#### 토스 커뮤니티는 동적으로 생성되므로, selenium

In [1]:
from selenium import webdriver
from selenium.webdriver.chrome.options import Options
from selenium.webdriver.common.by import By
from selenium.webdriver.support.ui import WebDriverWait
from selenium.webdriver.support import expected_conditions as EC
import pandas as pd

In [2]:
import datetime
from dateutil.relativedelta import relativedelta
import time

In [4]:
import FinanceDataReader as fdr

In [5]:
# 종목명으로 업종코드 찾기

def search_code_by_name(market, name) :
  market_list = ['KOSPI','KOSDAQ','ETF']
  if market in market_list:
    if market in ['KOSPI','KOSDAQ']:
      df = fdr.StockListing(market)[['Code','Name']]
    else:
      df = fdr.StockListing('ETF/KR')[['Symbol','Name']]
  else:
    raise ValueError('시장입력오류')
  
  code = df[df['Name'] == name]['Code'].values[0]
  
  return code   
  

In [6]:
# 특정 시장의 종목 코드 리스트를 받는 함수

def code_list_by_market(market) :
  market_list = ['KOSPI','KOSDAQ','ETF']
  if market in market_list:
    if market in ['KOSPI','KOSDAQ']:
      df = fdr.StockListing(market).sort_values(by='Marcap', ascending=False)
      df = df.iloc[:1]
    else:
      df = fdr.StockListing('ETF/KR').sort_values(by='MarCap', ascending=False)
      df = df.iloc[100:400]
      df.rename(columns={'Symbol': 'Code'}, inplace=True)
  else:
    raise ValueError('시장입력오류')
  
  code_list = df['Code'].tolist()
  return code_list

In [82]:
fdr.StockListing('KOSPI').sort_values(by='Marcap', ascending=False).head(5)

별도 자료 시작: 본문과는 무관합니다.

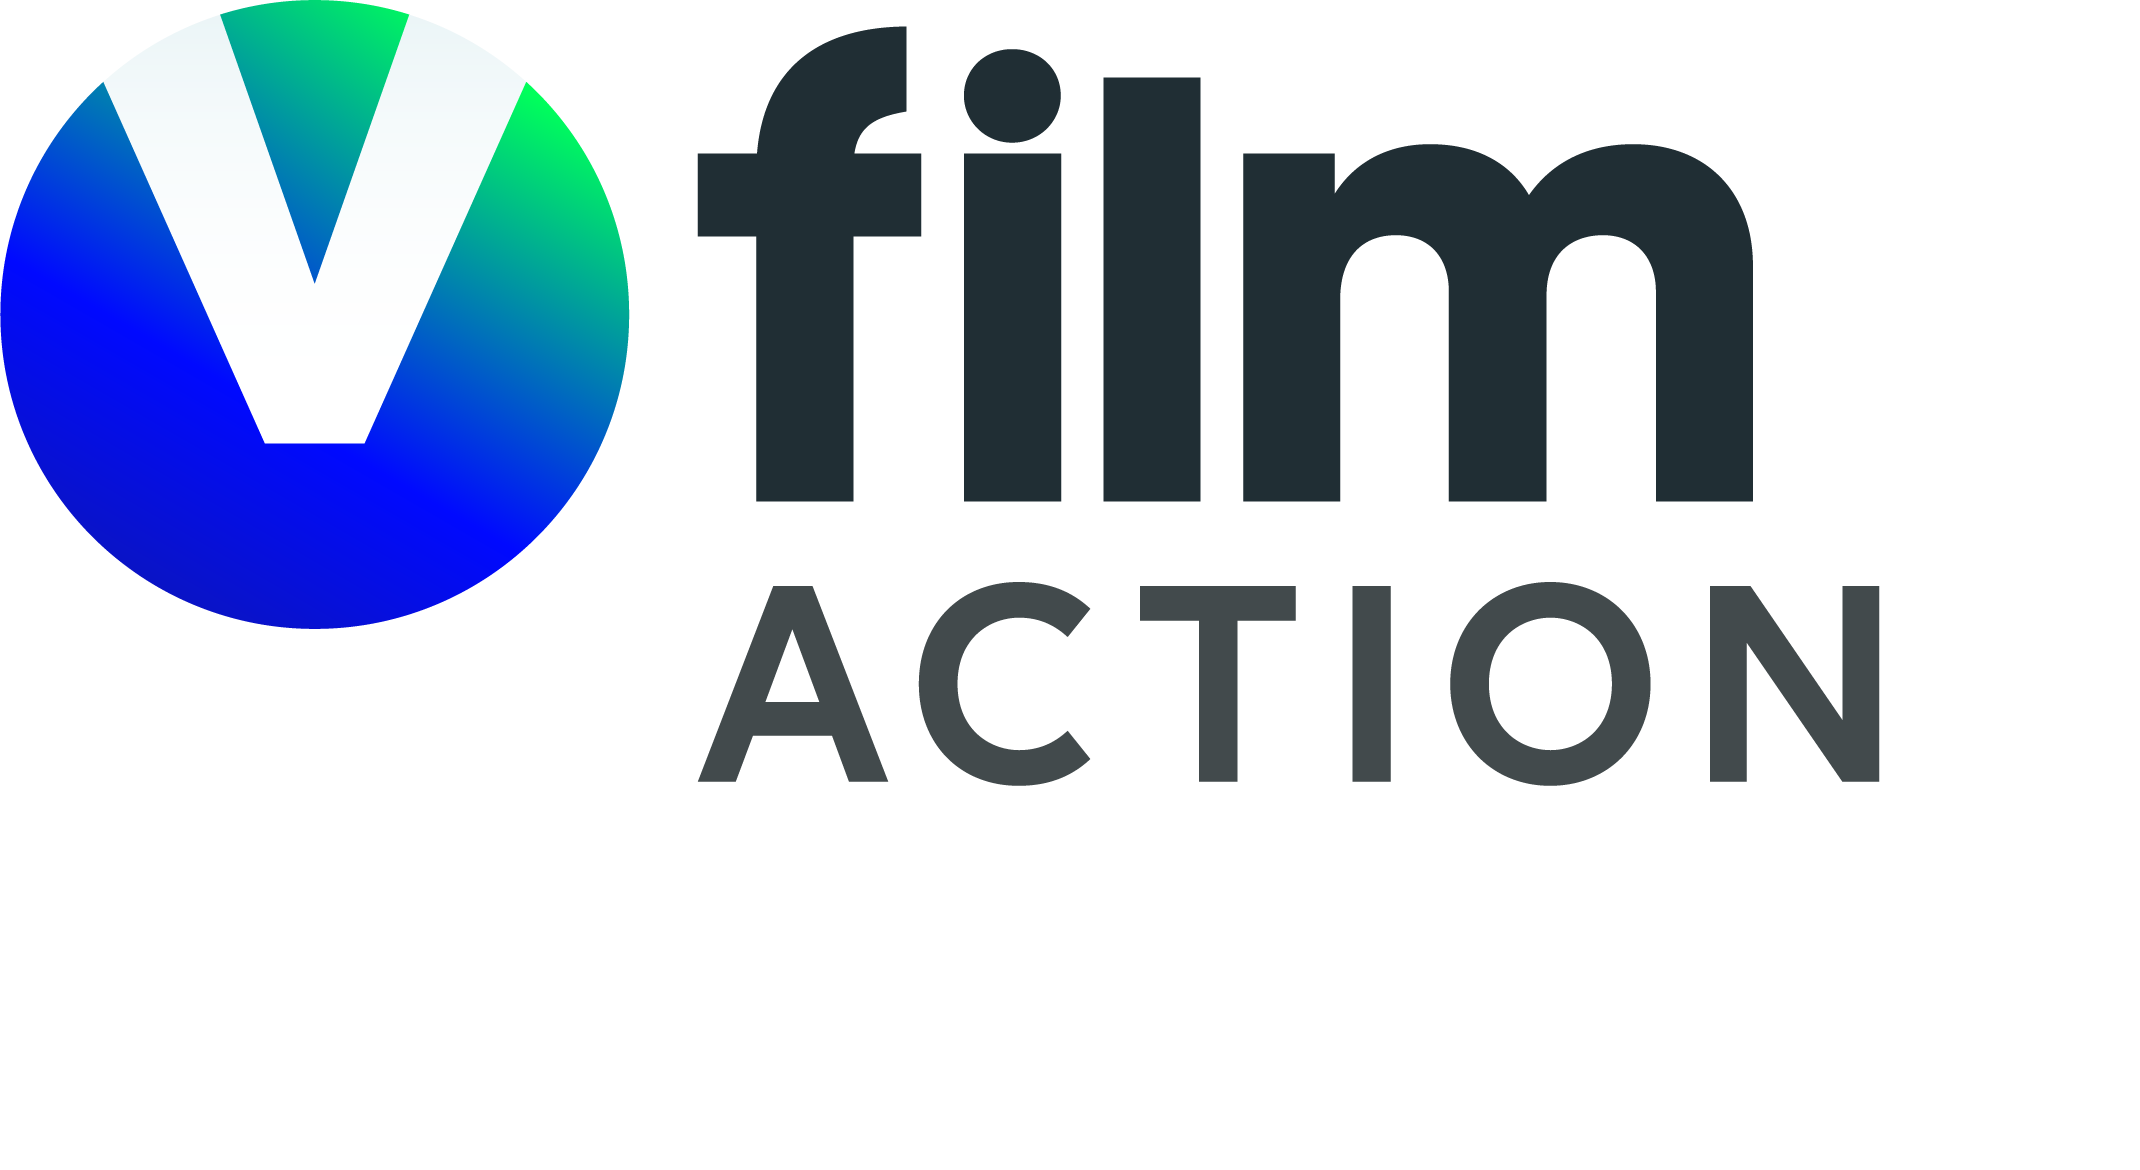 Viasat Film Action Norway

Unnamed: 0,Code,ISU_CD,Name,Market,Dept,Close,ChangeCode,Changes,ChagesRatio,Open,High,Low,Volume,Amount,Marcap,Stocks,MarketId
0,5930,KR7005930003,삼성전자,KOSPI,,55700,2,-400,-0.71,56100,56500,55200,10502816,584917256700,332516888035000,5969782550,STK
1,660,KR7000660001,SK하이닉스,KOSPI,,207500,1,2500,1.22,208000,212500,206500,3742728,782465580500,151060490737500,728002365,STK
2,373220,KR7373220003,LG에너지솔루션,KOSPI,,350000,2,-8500,-2.37,356000,357500,348500,163515,57326309500,81900000000000,234000000,STK
3,207940,KR7207940008,삼성바이오로직스,KOSPI,,1011000,1,5000,0.5,1001000,1020000,999000,25028,25249684000,71956914000000,71174000,STK
4,5380,KR7005380001,현대차,KOSPI,,225000,1,12000,5.63,215000,227000,215000,1320309,294050720000,47118642975000,209416191,STK


In [7]:
# 오늘 날짜 구하기
today = datetime.datetime.today()
today_str = today.strftime('%Y-%m-%d')

In [8]:
# 토스 커뮤니티 스크래핑
def crawling_community(market=None, start_date=None, end_date=today_str):
    
    if start_date is None :
        raise ValueError('시작일은 반드시 입력해야 합니다.')
    
    code_list = code_list_by_market(market)
    all_post_data = []
    
    for code in code_list:
        print(f"Processing {code} crawling...")
        url = f'https://tossinvest.com/stocks/A{code}/community'
        # 웹드라이버 초기화
        print(url)
        
        options = Options()
        options.add_argument('--headless')  # 헤드리스 모드
        driver = webdriver.Chrome(options=options)
        
        try:
            driver.get(url)  # 실제 URL로 변경
            WebDriverWait(driver, 15).until(
                    EC.presence_of_element_located((By.CSS_SELECTOR, '#stock-content > div > div > section > section > ul > div > div'))
                )
        except Exception as e:
            print(f"URL 접근 중 오류 발생: {e}. 종목 코드 {code}를 건너뜁니다.")
            driver.quit()  # 드라이버 종료
            continue  # 다음 종목 코드로 건너뜀
        
        # 버튼 요소 찾기
        button = driver.find_element(By.CSS_SELECTOR, '#stock-content > div > div > section > section > section > button')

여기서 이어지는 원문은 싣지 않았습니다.